Mario Delgado, the lower house majority leader for President Andres Manuel Lopez Obrador’s Morena party, said in an interview Wednesday that targeting a surplus of 0.5%, instead of the 1.3% outlined by the Finance Ministry in April, would still continue a decline in the nation’s debt relative to its gross domestic product.

Delgado, a former finance head for Mexico City, cautioned that he hasn’t yet discussed the idea with the leftist leader known as AMLO, who has led an austerity campaign, or Finance Minister Arturo Herrera, who took over last month. But he said that he’s talked about it with ratings agencies and funds invested in Mexico, and he doesn’t believe it would hurt the nation’s credit rating.

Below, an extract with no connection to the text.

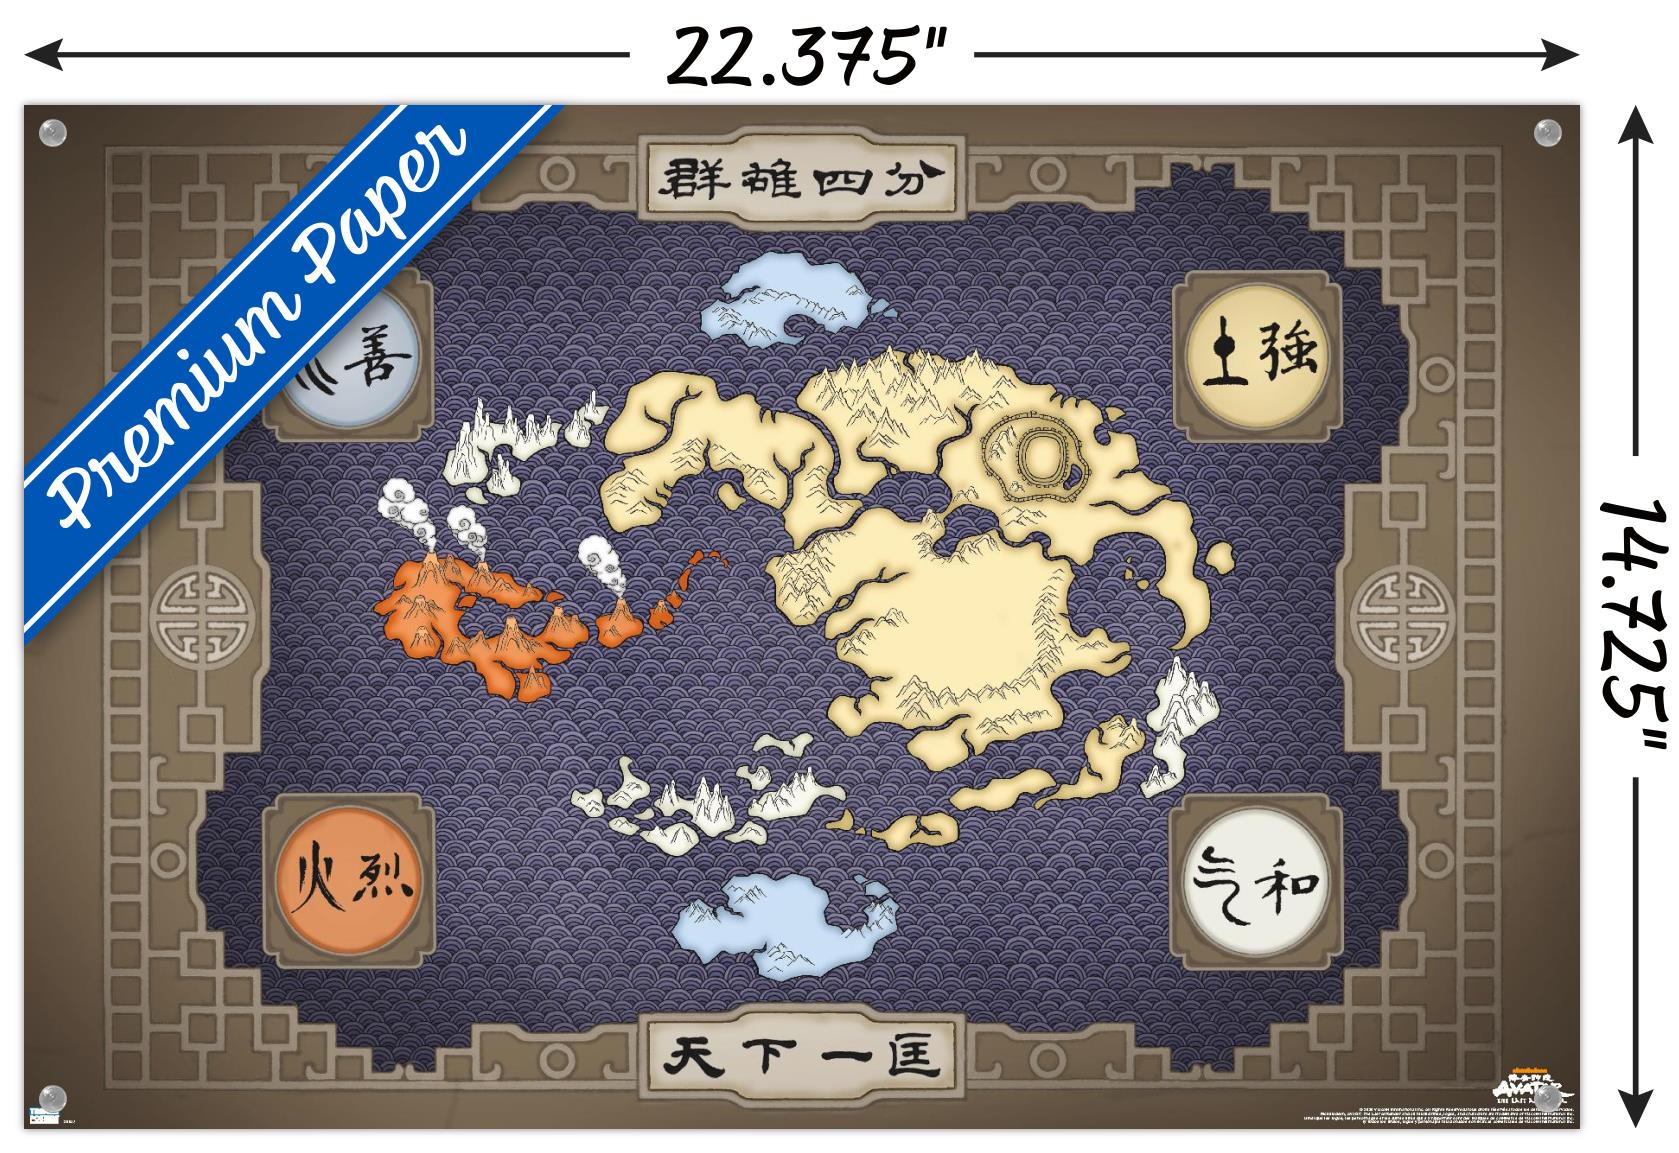 Avatar - Map Wall Poster with Pushpins, 14.725" x 22.375" - image 3 of 6
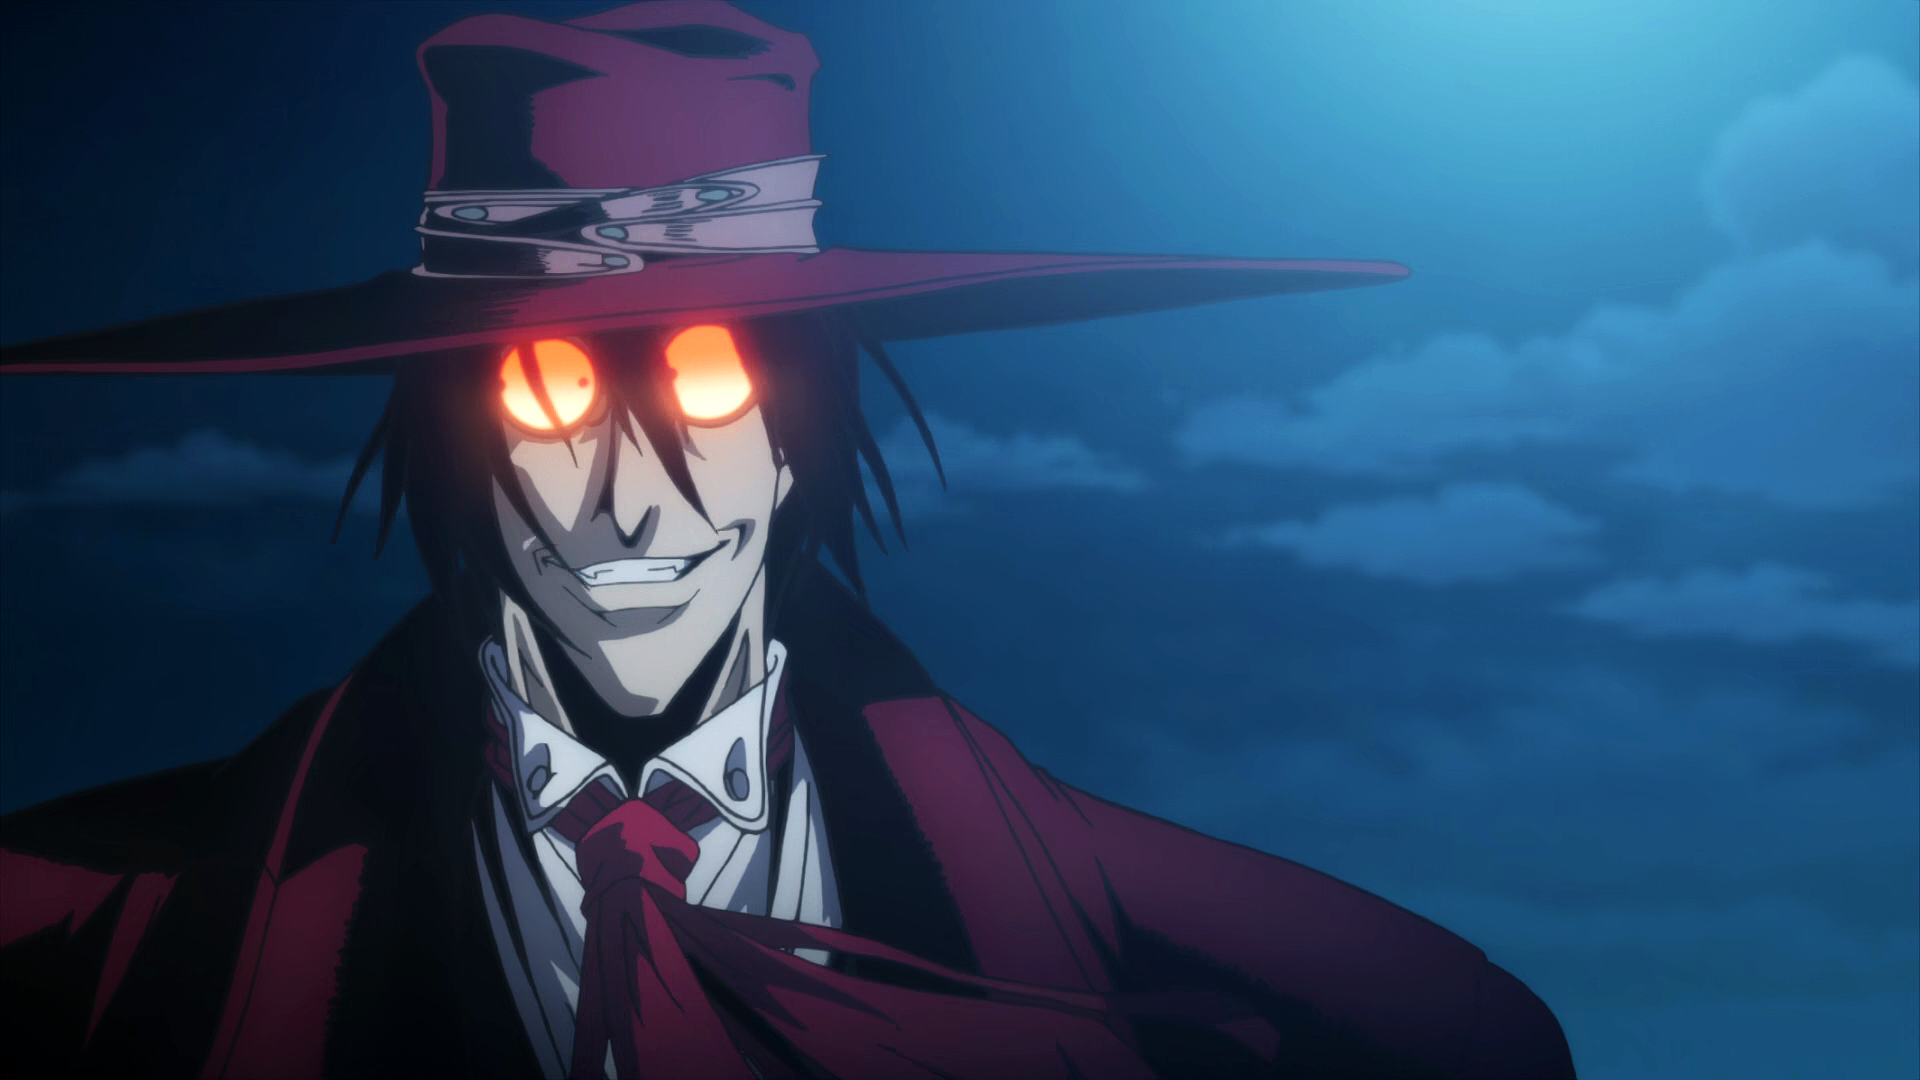 Hellsing: 10 Things You Didn't Know About The Franchise

“It would be well received by financial markets as a show of solid public finances and would take some pressure off so that we can increase resources for Pemex,” Delgado said. “It wouldn’t mean any relaxation in terms of fiscal discipline.”

The peso fell 1.9% to 19.7522 per dollar at 1:35 p.m. in Mexico City.

‘Reorganize Ourselves’

The Finance Ministry last month announced plans to use almost half of the money in its rainy day oil fund in the remainder of this year to avoid spending cuts after a revenue shortfall due to economic stagnation squeezed the budget. Still, Delgado said that the plan for a primary surplus of 1% for this year, which required significant spending cuts, was needed for the new administration to send a fiscal responsibility message.

Delgado, who plans to run to succeed Yeidckol Polevnsky as the head of the Morena party in an election later this year, possibly Nov. 20, said he wants to make the party, which started as a movement and only became registered in 2014, a political power for years to come after Lopez Obrador’s landslide victory last year.

“We need to reorganize ourselves internally to support this project of transformation and to ensure that it can be transcendent," he said. “The members should have the responsibility to form an organization with clear rules and objectives and with effectiveness in the formation of groups and electoral competition.”